Court Opinion

ID: 9495397
Source: CourtListenerOpinion
Date Created: 2023-08-05 16:01:49.582951+00
Date Added: 2024-06-11T17:56:59.814475
License: Public Domain

WIENER, Circuit Judge,
concurring in PARKER, Circuit Judge’s, dissent and further dissenting from the en banc opinion:
I concur in Judge Parker’s dissent, writing a few additional lines of my own just to emphasize one point and to advance another.
First, I am as incredulous as Judge Parker that the majority can take the position that “McClendon has not adduced any evidence suggesting that Detective Carney acted with anything other than ordinary negligence in the instant case,” and that “[tjhere is no indication that Detective Carney was aware that Loftin had any violent intentions toward McClendon.” Not only did Carney commit an overt act of commission — an unlawful one at that— by arming Loftin (whom Carney knew to be an intimate member of the illicit drug culture), but he did so in direct response to being informed by Loftin of an impending confrontation between Loftin and McClen-don that only the most naive Pollyanna could expect would be anything other than physical and violent. Given all the information that Carney had, it is this court that is being naive about the sufficiency of the evidence amounting to considerably more than negligence: recklessness and, ultimately, deliberate indifference to McClendon’s right to inviolate bodily integrity.
More importantly to me, however, is what — with the utmost respect — I view as a misapprehension of the central issue of this case — the kind of constitutional right proffered by McClendon that was required to have been clearly established at the time if he were to avoid an adverse judgment grounded in qualified immunity. All the wrangling over “state-created danger” is a classic red herring which has led this court away from the proper analysis.
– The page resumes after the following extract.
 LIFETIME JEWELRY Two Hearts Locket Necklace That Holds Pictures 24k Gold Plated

Long before the instant incident, the constitutional right to be free from state violation of bodily integrity was well established. It is that right that McClendon asserts: His bodily integrity was violated when he was ruthlessly shot in the face by Loftin with the very gun that had been unlawfully entrusted to him by Detective Carney. McClendon does not contend that Carney, as a state actor, created the danger that produced his blinding injury; he does contend — correctly—that (1) Carney had to be totally aware of the potential of a physically violent confrontation between McClendon and Loftin, (2) Carney had to know (or at least is presumed to have known) that the act of arming Loftin was unlawful under Mississippi law, (3) the overt, unlawful act of commission in arming Loftin was undeniably reckless and thus done with deliberate indifference, and (4) Carney’s state act not only increased and enhanced the likelihood that McClen-don’s bodily integrity would be violated; it made it a virtual certainty.
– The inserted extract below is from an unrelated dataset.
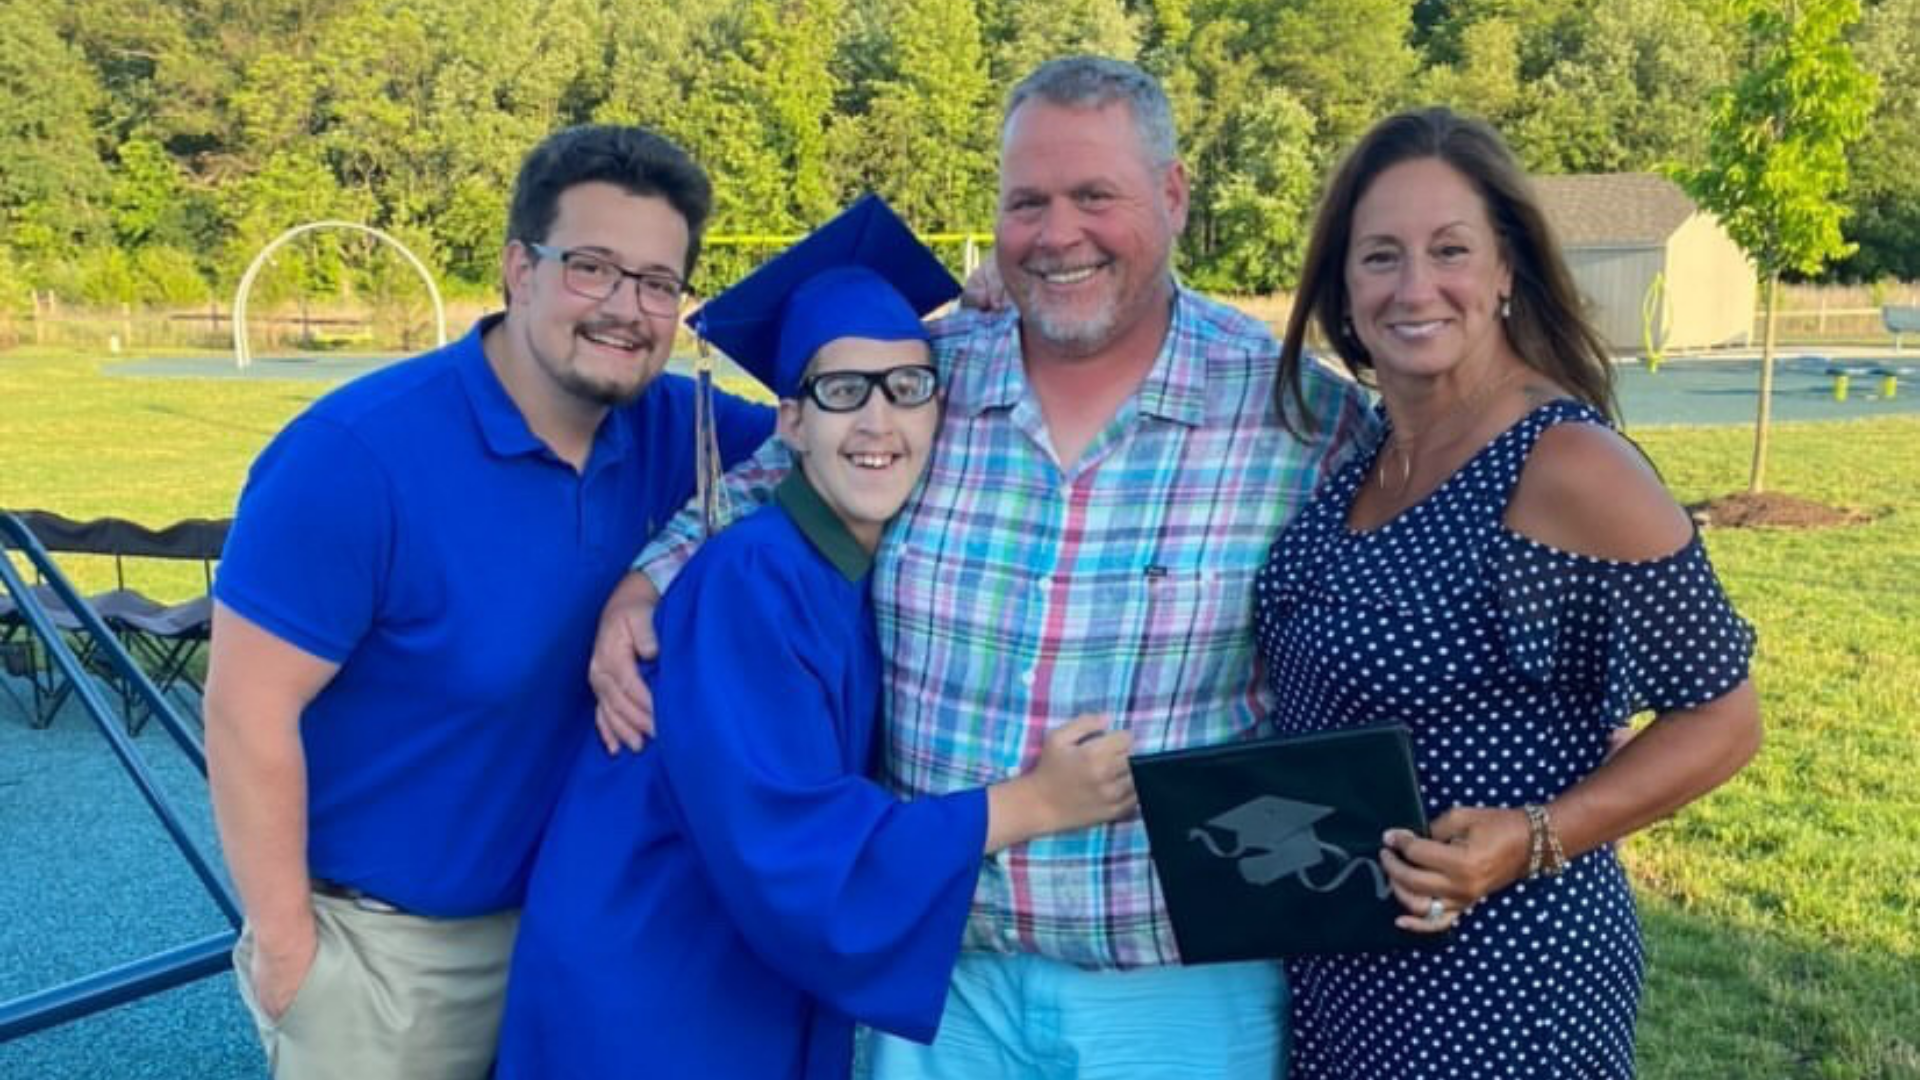 A graduate in a blue cap and gown and his three family members stand on an outdoor patio and smile

This leaves as the only open issue not whether the danger was state created (or even state enhanced) but whether the reckless, deliberately indifferent act of Detective Carney, as a state actor, was a producing cause of the violation of McClendon’s constitutional right. If this case presents any legal question, therefore, it is whether there is a sufficient nexus between the deliberately indifferent *343state act and the violation of the citizen’s right to bodily integrity. Stated differently, was the intervening action of the non-state actor, Loftin, which clearly violated the victim’s bodily integrity, sufficiently causally connected to the behavior of the state actor, Detective Carney, as to constitute the legally actionable cause of the violation of McClendon’s constitutional right?
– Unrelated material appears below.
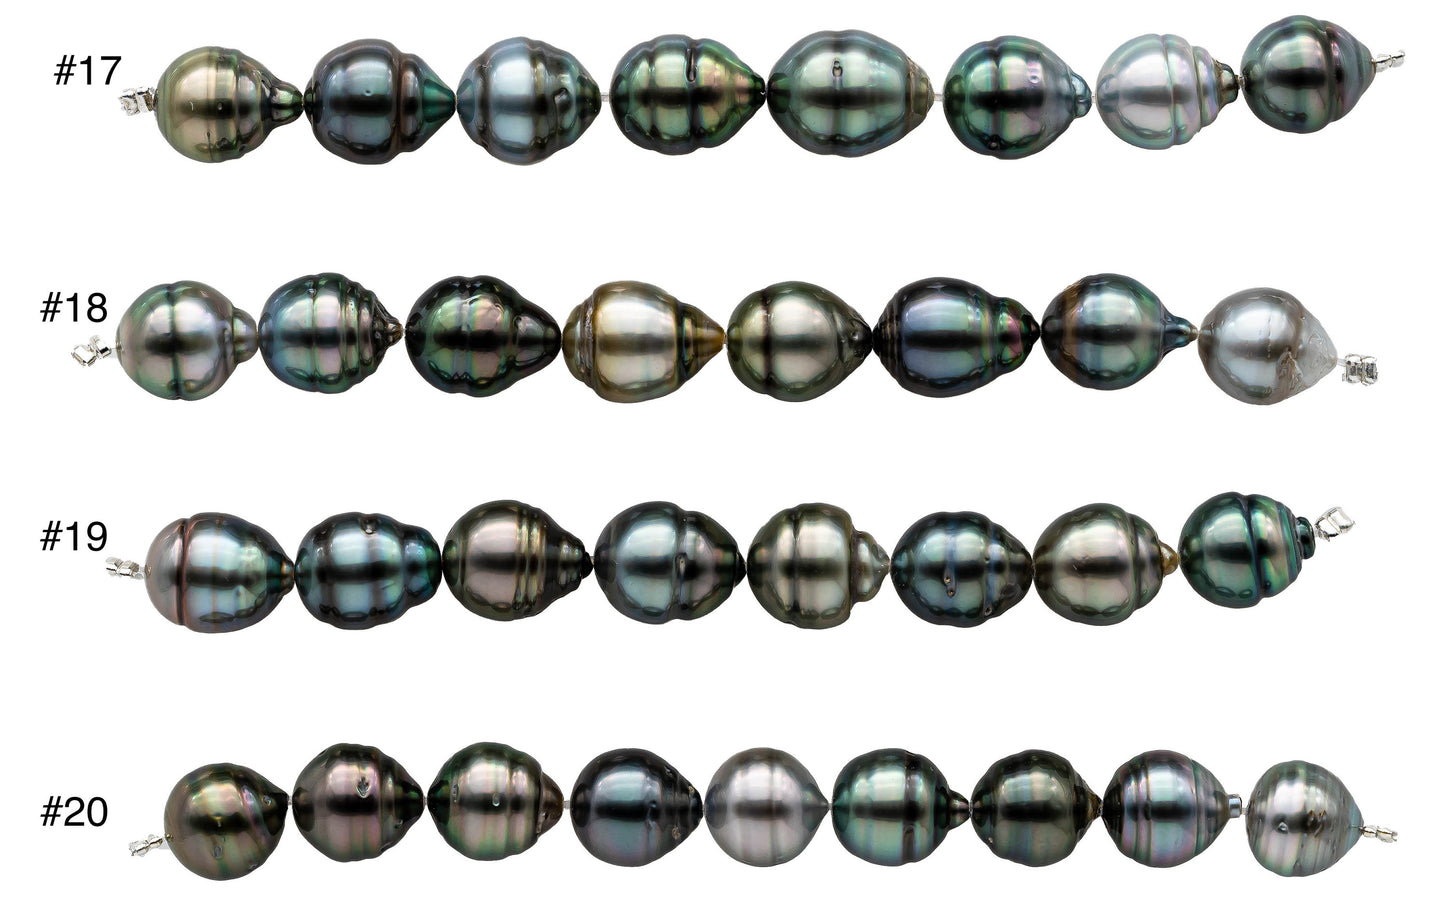 Rainbow Tahitian Pearl Teardrops or Near Round with Beautiful Luster and Blemishes, Natural Multi-Color  Strand 4 Inch, 10-11mm, SKU#1103TH

We have previously held that a remote state actor can be denied qualified immunity when his deliberate indifference exposes the victim to a constitutional violation perpetrated by an interposed party, even in situations that would be non-custodial under DeShaney. For example, we denied qualified immunity to the school principal in Doe v. Taylor ISD1 because his deliberate indifference, in light of information no more damning than that possessed by Detective Carney, not only increased the likelihood of the young schoolgirls’ bodily integrity being violated by a third party (the predatory teacher/coach whom the principal’s alleged recklessness allowed to continue in a position of predation); it made the violation possible. That the teacher/coach was himself a state actor and the instant confidential informant was not is a distinction without a difference to this taxonomy. In both cases, the interposed party acted precisely as the facts clearly known to the state actor — the school principal in Doe and Detective Carney here— would predict. The state actor’s deliberate indifference was the sine qua non to the constitutional violation.
Because a genuine issue of material fact is presented in this case regarding the Detective’s role in the violation of McClen-don’s clearly established constitutional right to an inviolate bodily integrity, I respectfully dissent from the grant of qualified immunity grounded in the spurious and inapplicable issue of state-created danger. This is a garden variety case implicating the violation of a clearly established constitutional right, which violation flowed from the reckless and unlawful — deliberately indifferent — behavior of a state actor that was objectively unreasonable under the plethora of facts known to him at the time. This case should go to trial to flesh out all the facts and let the jury determine whether the deliberate indifference of Detective Carney had a sufficient nexus with the constitutional violation suffered by McClendon, given the interposition of the confidential informant (not a state actor) who was armed by Carney and sent forth to a violent confrontation that Carney had to know was imminent.

. 15 F.3d 443 (5th Cir.l994)(en banc).